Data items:
◇ ◇ ◇ ◇ ◇
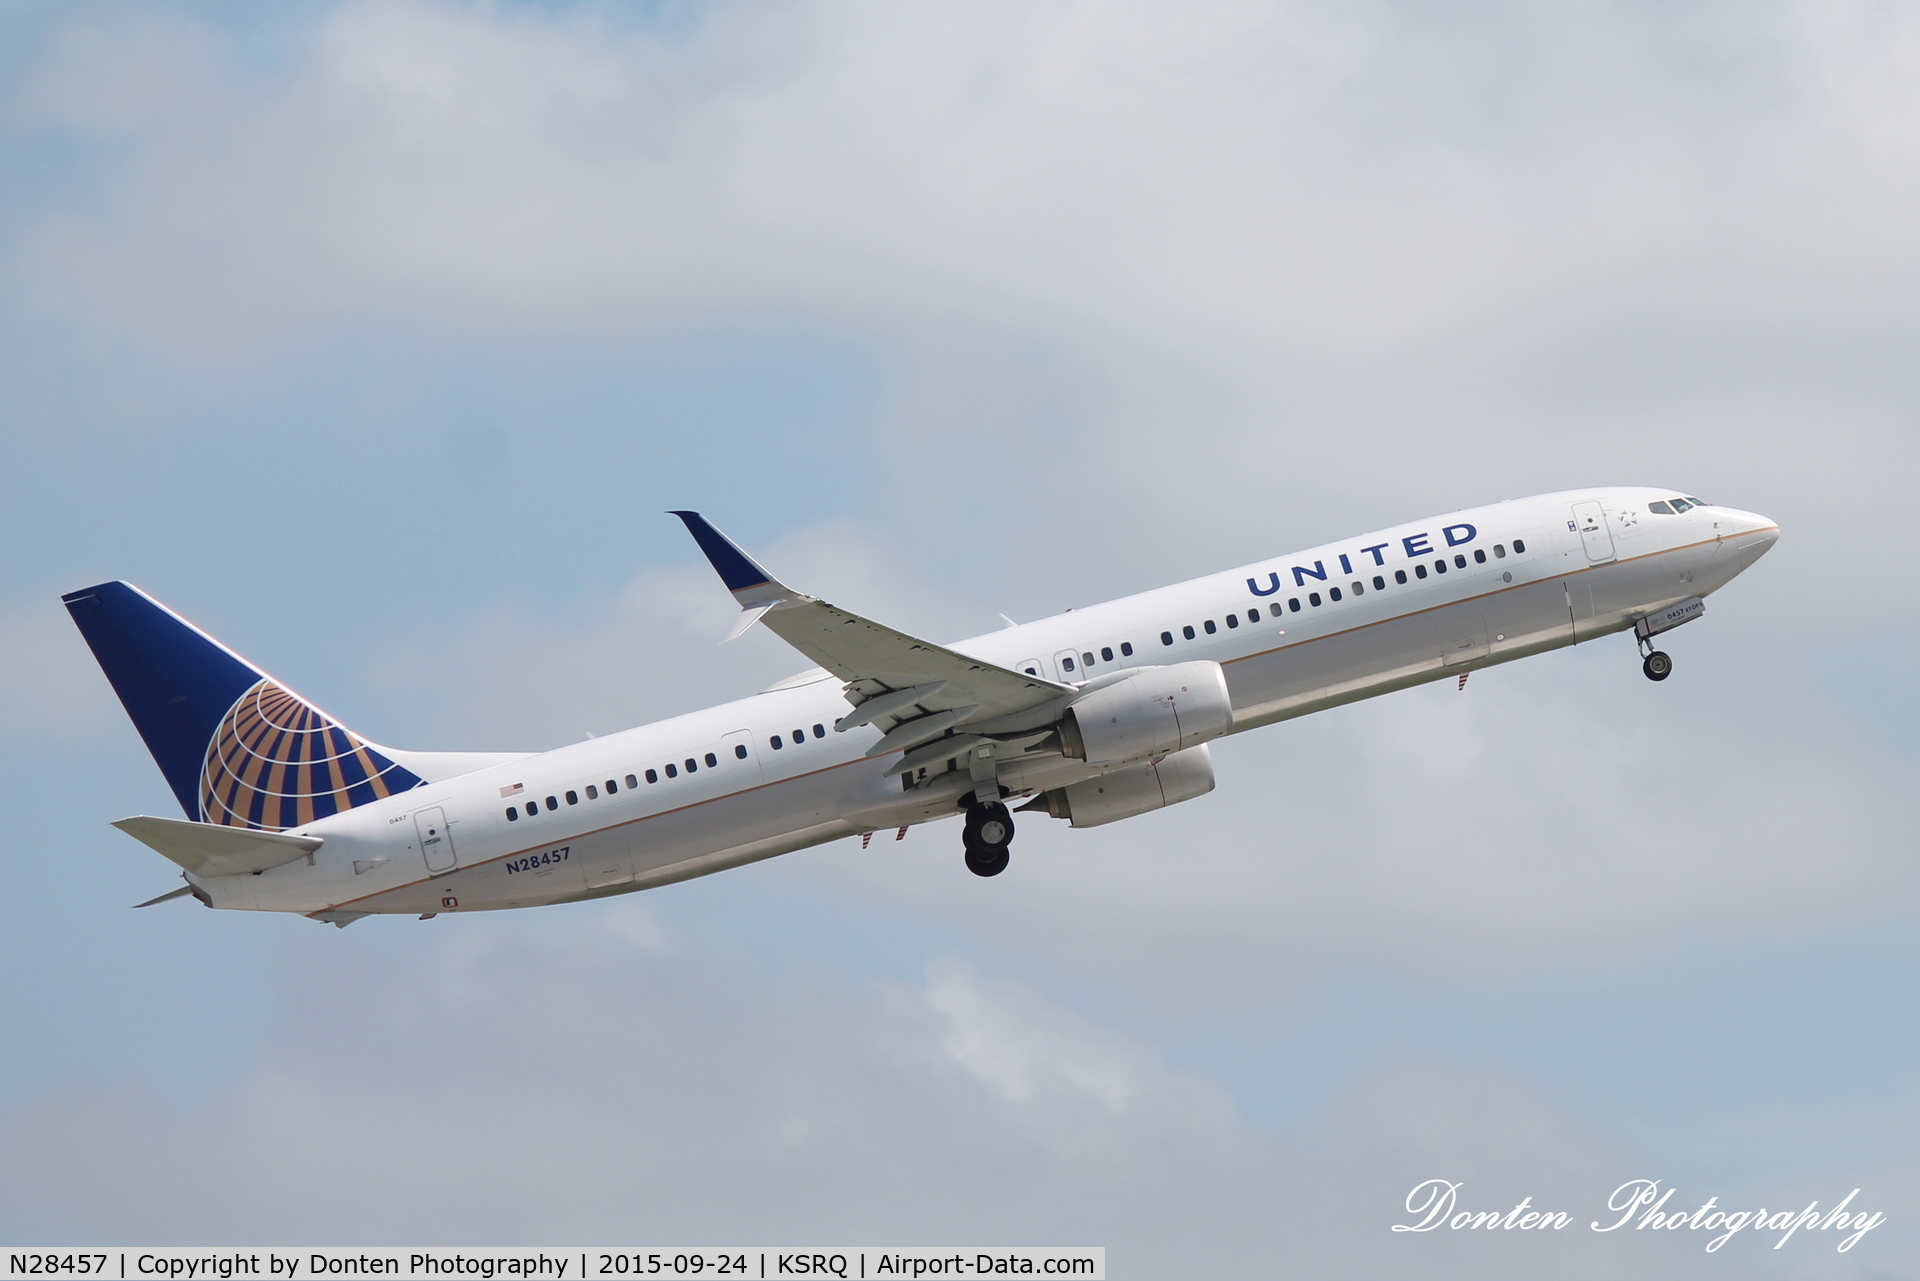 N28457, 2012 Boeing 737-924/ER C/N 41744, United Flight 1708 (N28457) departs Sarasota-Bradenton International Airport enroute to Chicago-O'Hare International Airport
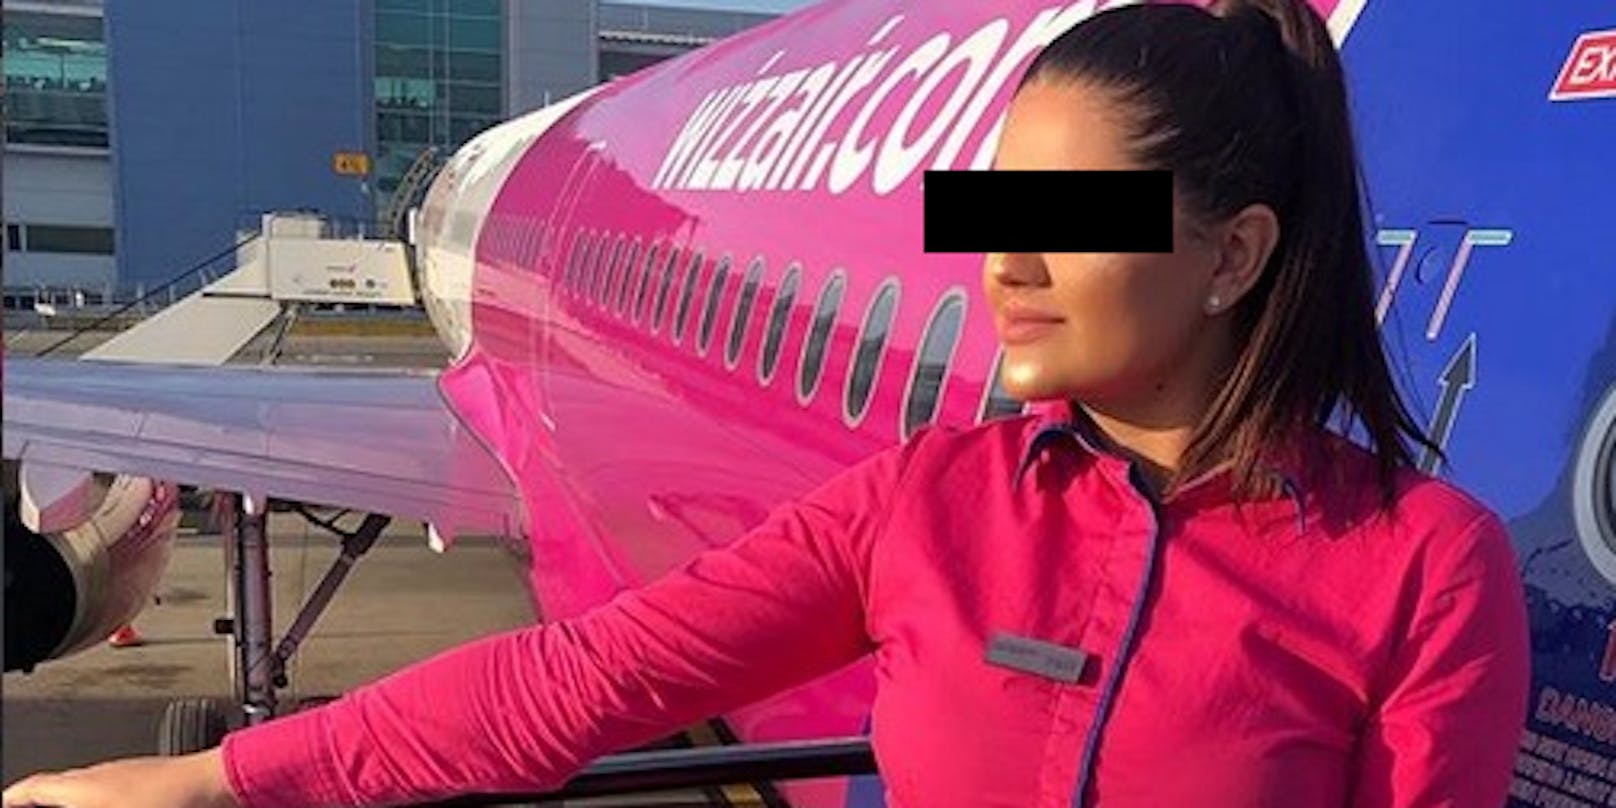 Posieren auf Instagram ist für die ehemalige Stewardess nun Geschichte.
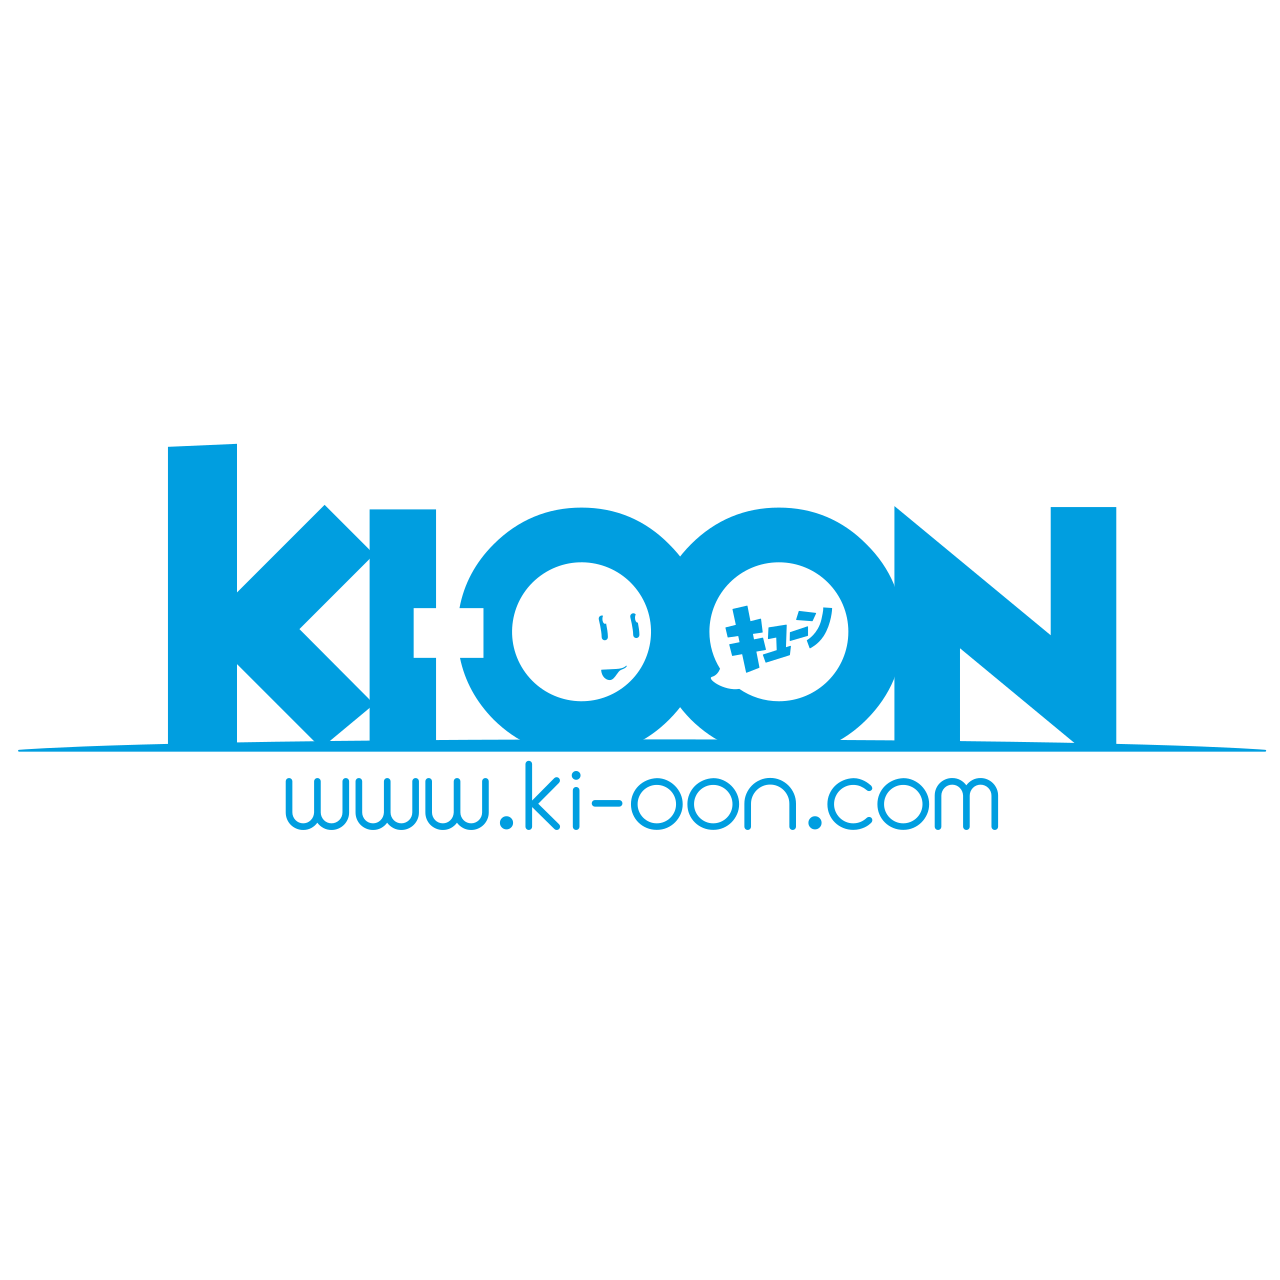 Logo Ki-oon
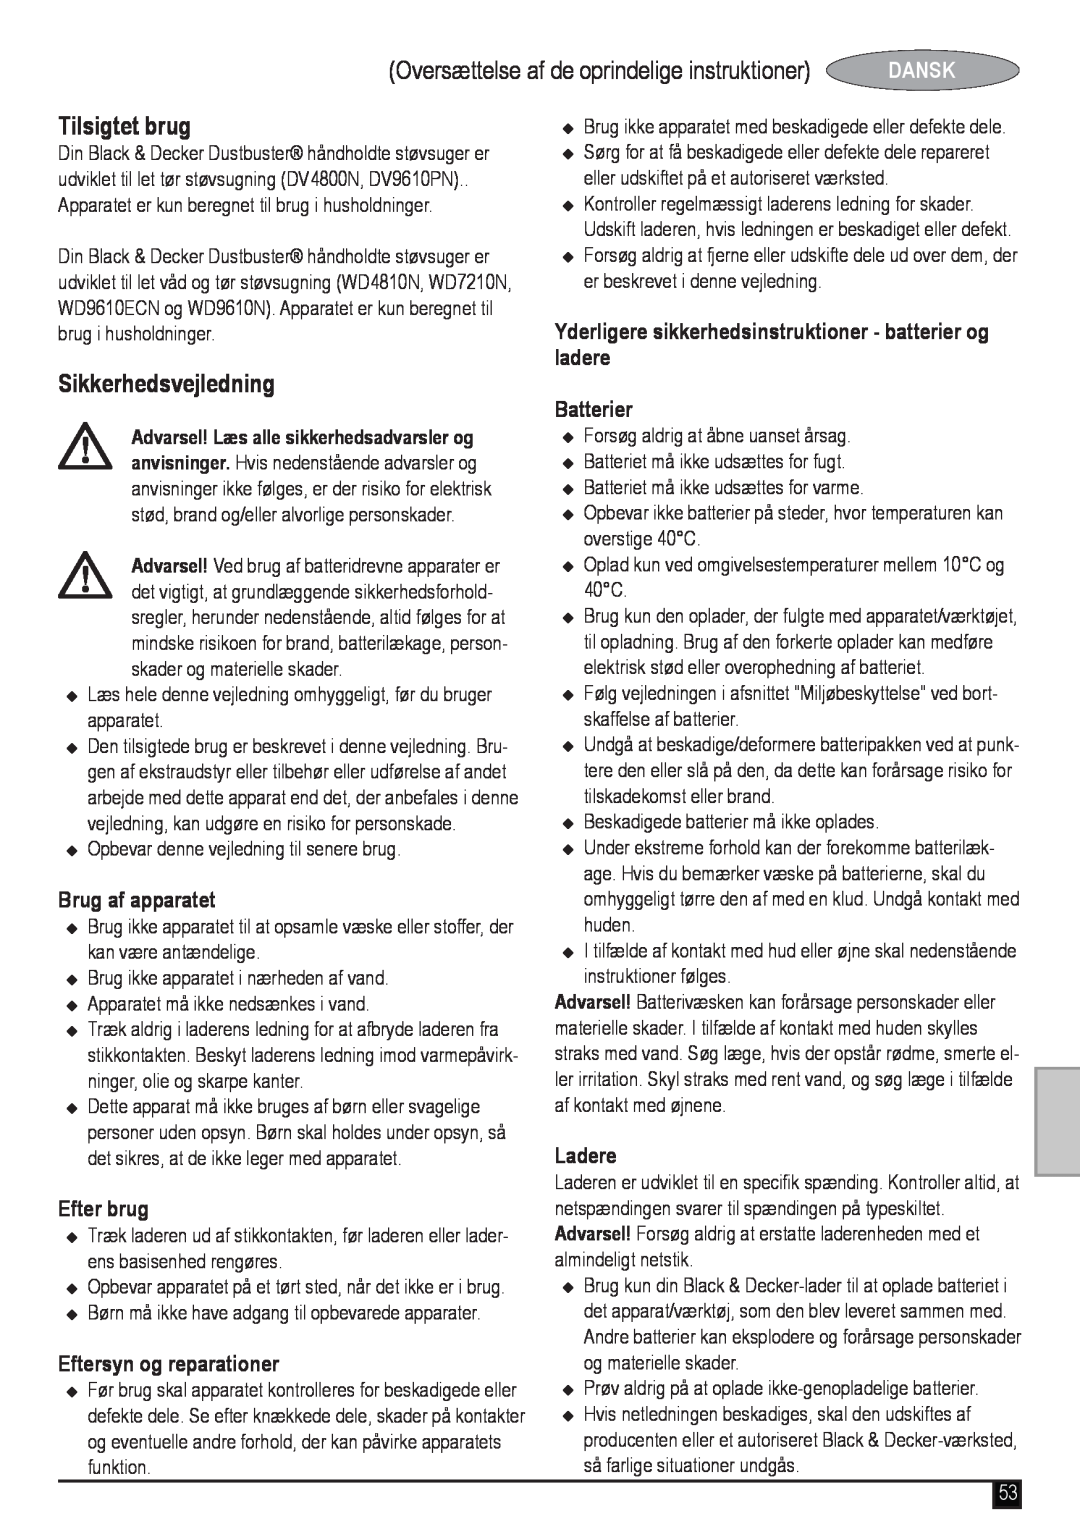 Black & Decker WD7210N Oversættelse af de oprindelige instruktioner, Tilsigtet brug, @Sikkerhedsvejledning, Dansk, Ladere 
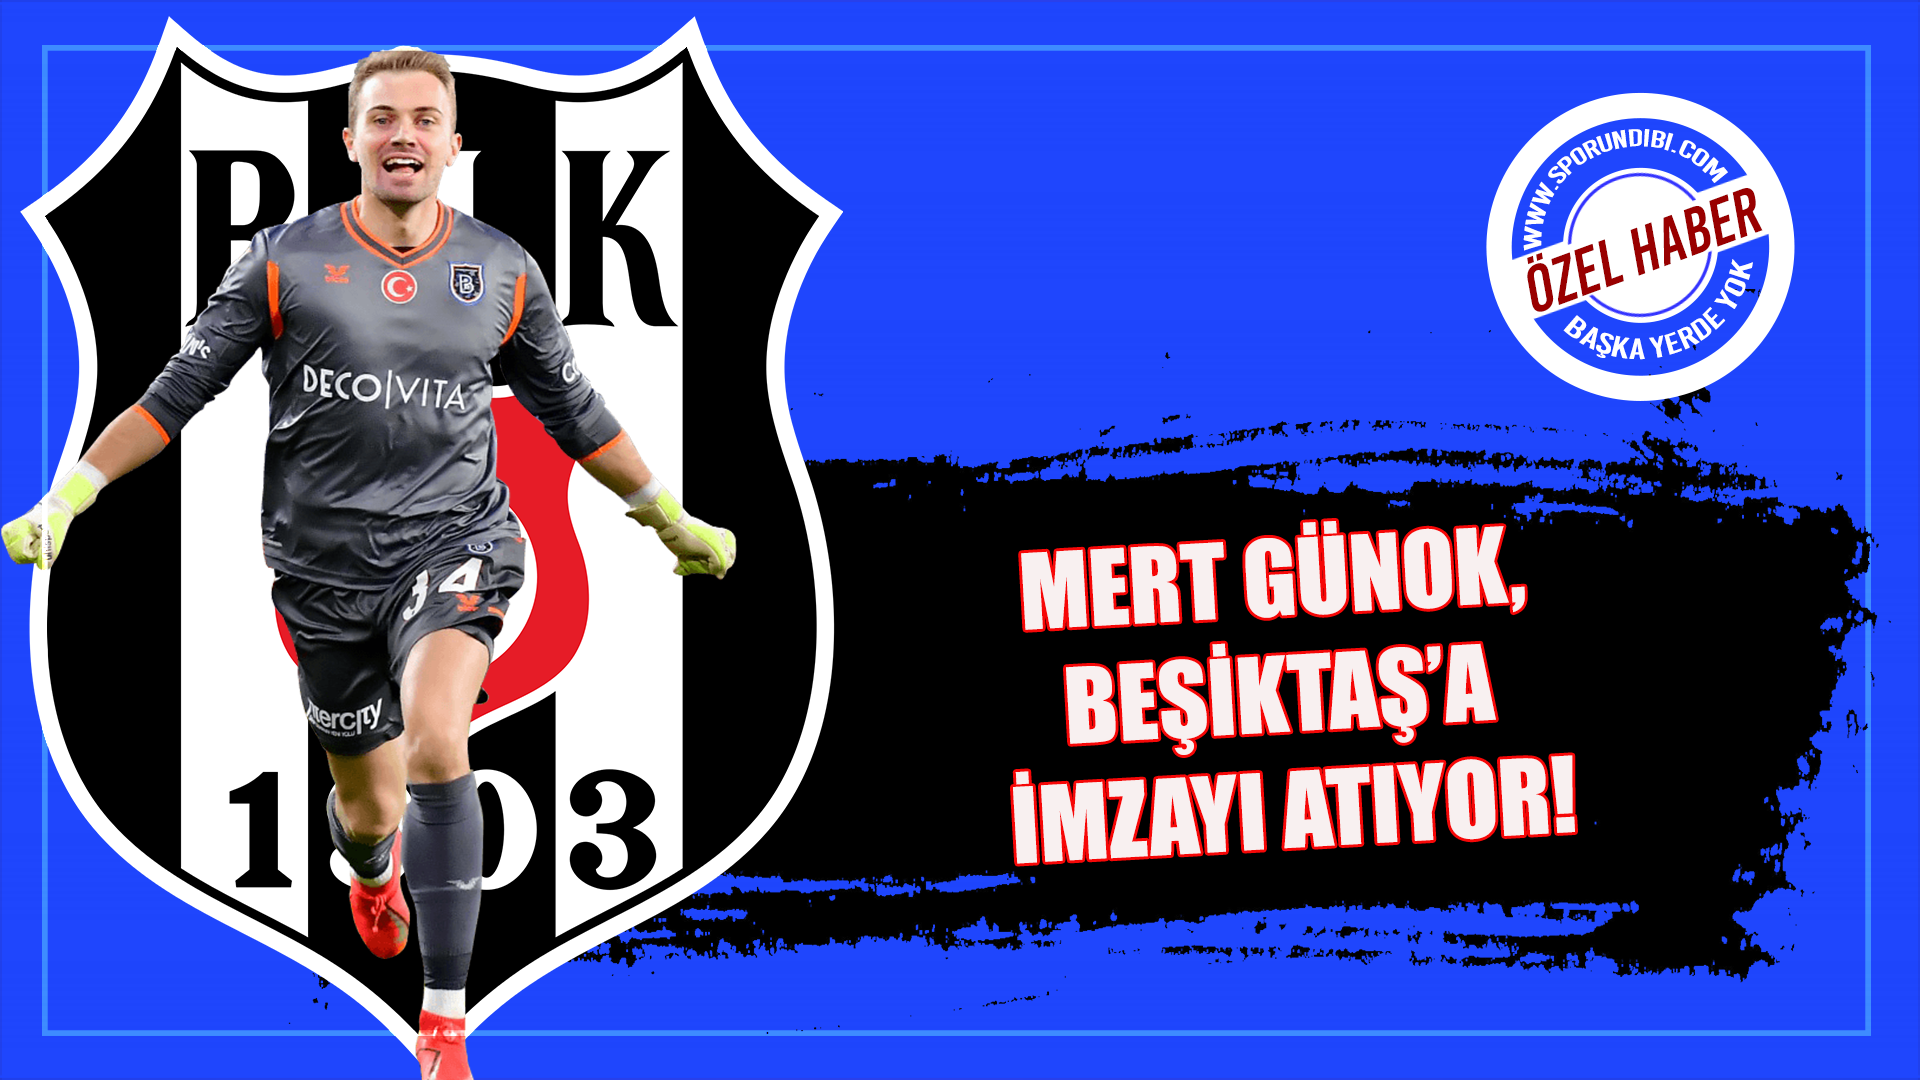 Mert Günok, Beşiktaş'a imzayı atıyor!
◇ ◇ ◇ ◇ ◇
* _PROMPT_: Once the line containing "Posieren auf Instagram" has been found, write out exactly that line and each one after it through the end of the data, leaving out every picture.

* _WRITTEN RESPONSE_:
 Posieren auf Instagram ist für die ehemalige Stewardess nun Geschichte.
 Logo Ki-oon
 Black & Decker WD7210N Oversættelse af de oprindelige instruktioner, Tilsigtet brug, @Sikkerhedsvejledning, Dansk, Ladere 
 Mert Günok, Beşiktaş'a imzayı atıyor!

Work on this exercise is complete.